# Anime horses what do you think



## bluefire (Apr 5, 2010)

Hey guys.
I have been drawing for a while. I do a lot of cartoon/anime type drawings with colored pencils. What do you think?


----------



## whiskeynoo (Mar 17, 2010)

Influenced by legend of zelda perhaps  they look fun


----------



## bluefire (Apr 5, 2010)

Thanks, I love Zelda. Its my favorite game series.


----------



## whiskeynoo (Mar 17, 2010)

deffinately a good game  I've been playing it recently


----------



## Creampuff (Dec 1, 2010)

You have some pretty interesting designs and a good, eye-catching sense of color.  My biggest critique though (and I gripe about this a _lot_) is to learn proper anatomy and proportions _first_. It won't come naturally and takes time, but it's worth the end product of having anatomically-correct, styled drawings. 

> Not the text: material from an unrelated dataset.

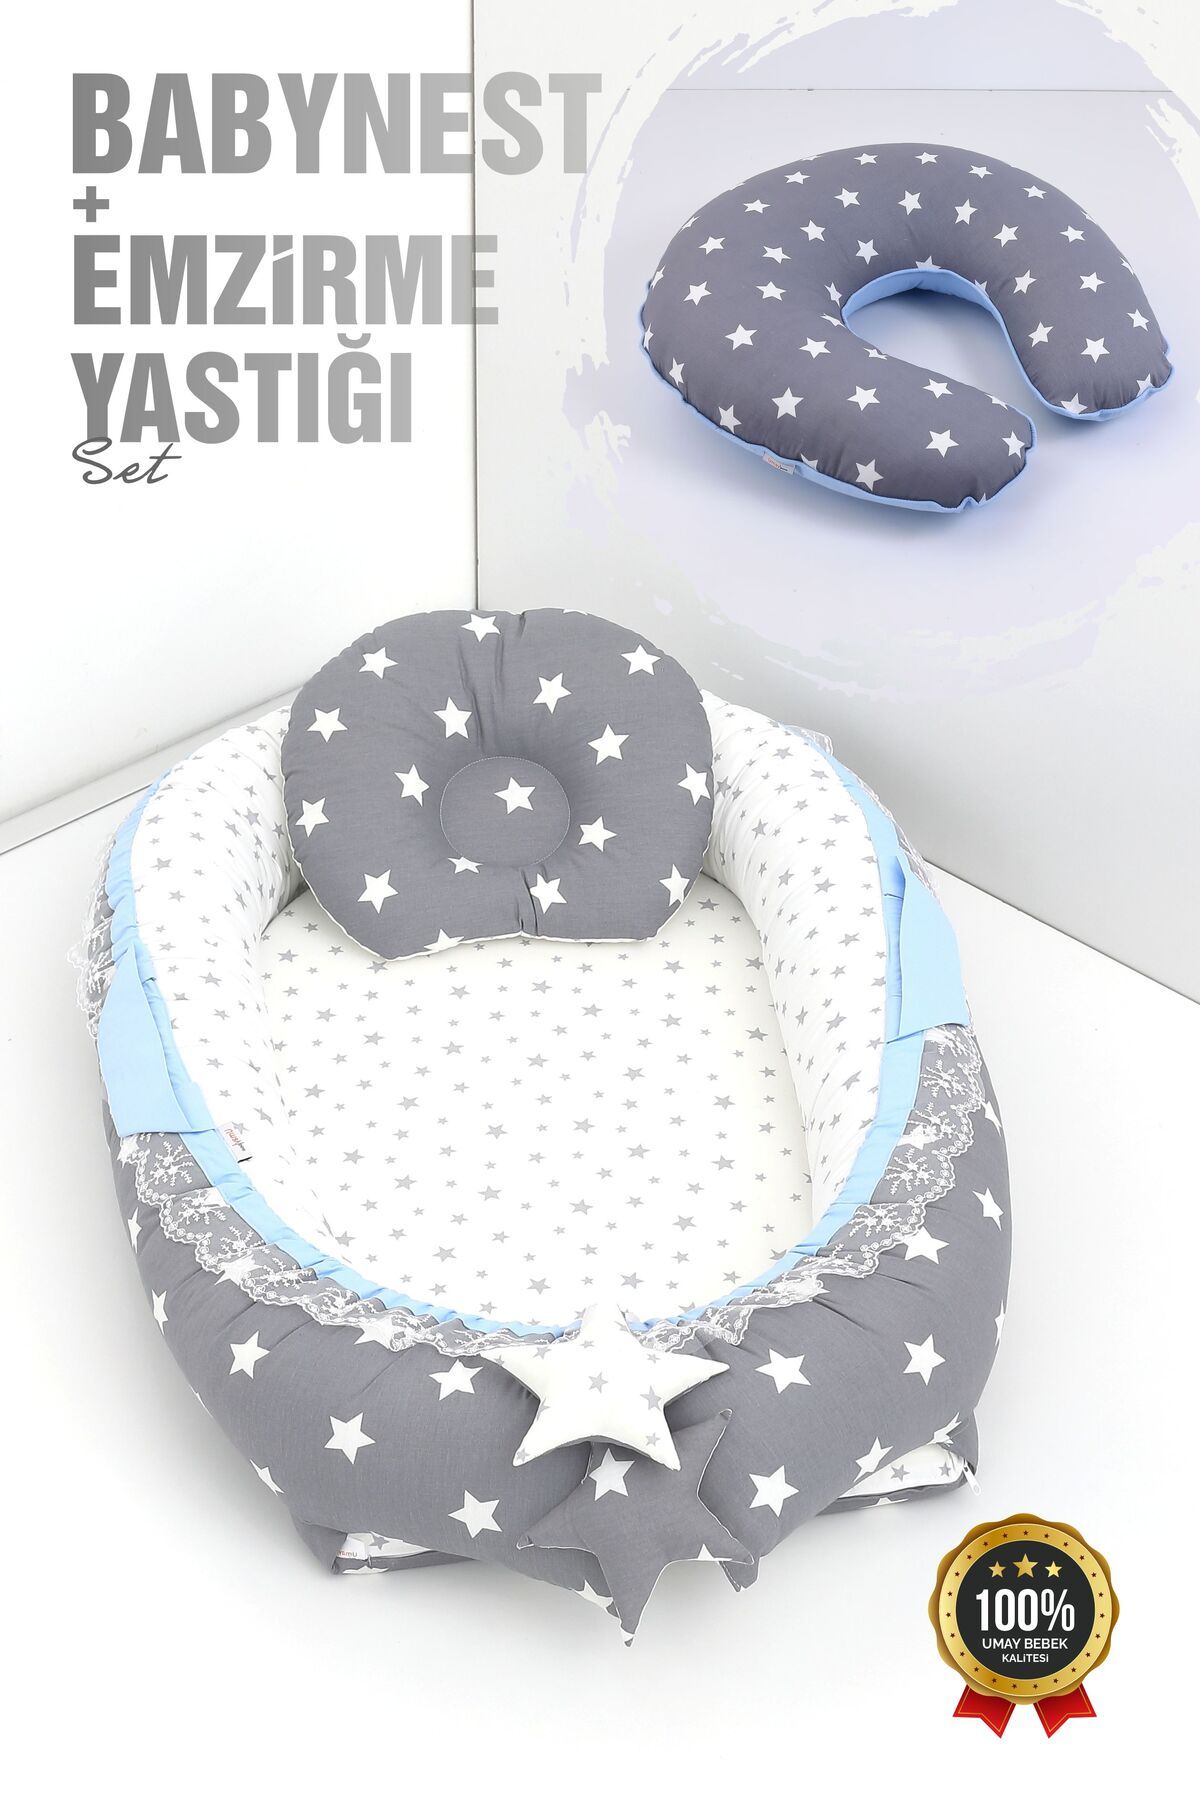 Umaybebek Babynest, Bebek Uyku Yatağı 0-2 Yaş + Emzirme Yastığı 60x60 cm

I commend you for having the shape/joints in the legs correct! A _lot_ of younger horse artists tend to make them too like canine legs. I do have to say that at least your horses look like horses... I've seen some pretty bad horse drawings in my day. Like the one(s) below!


----------



## PintoTess (Aug 18, 2010)

You would get along with my friend fine  She loooves anime as well lol. Great work!


----------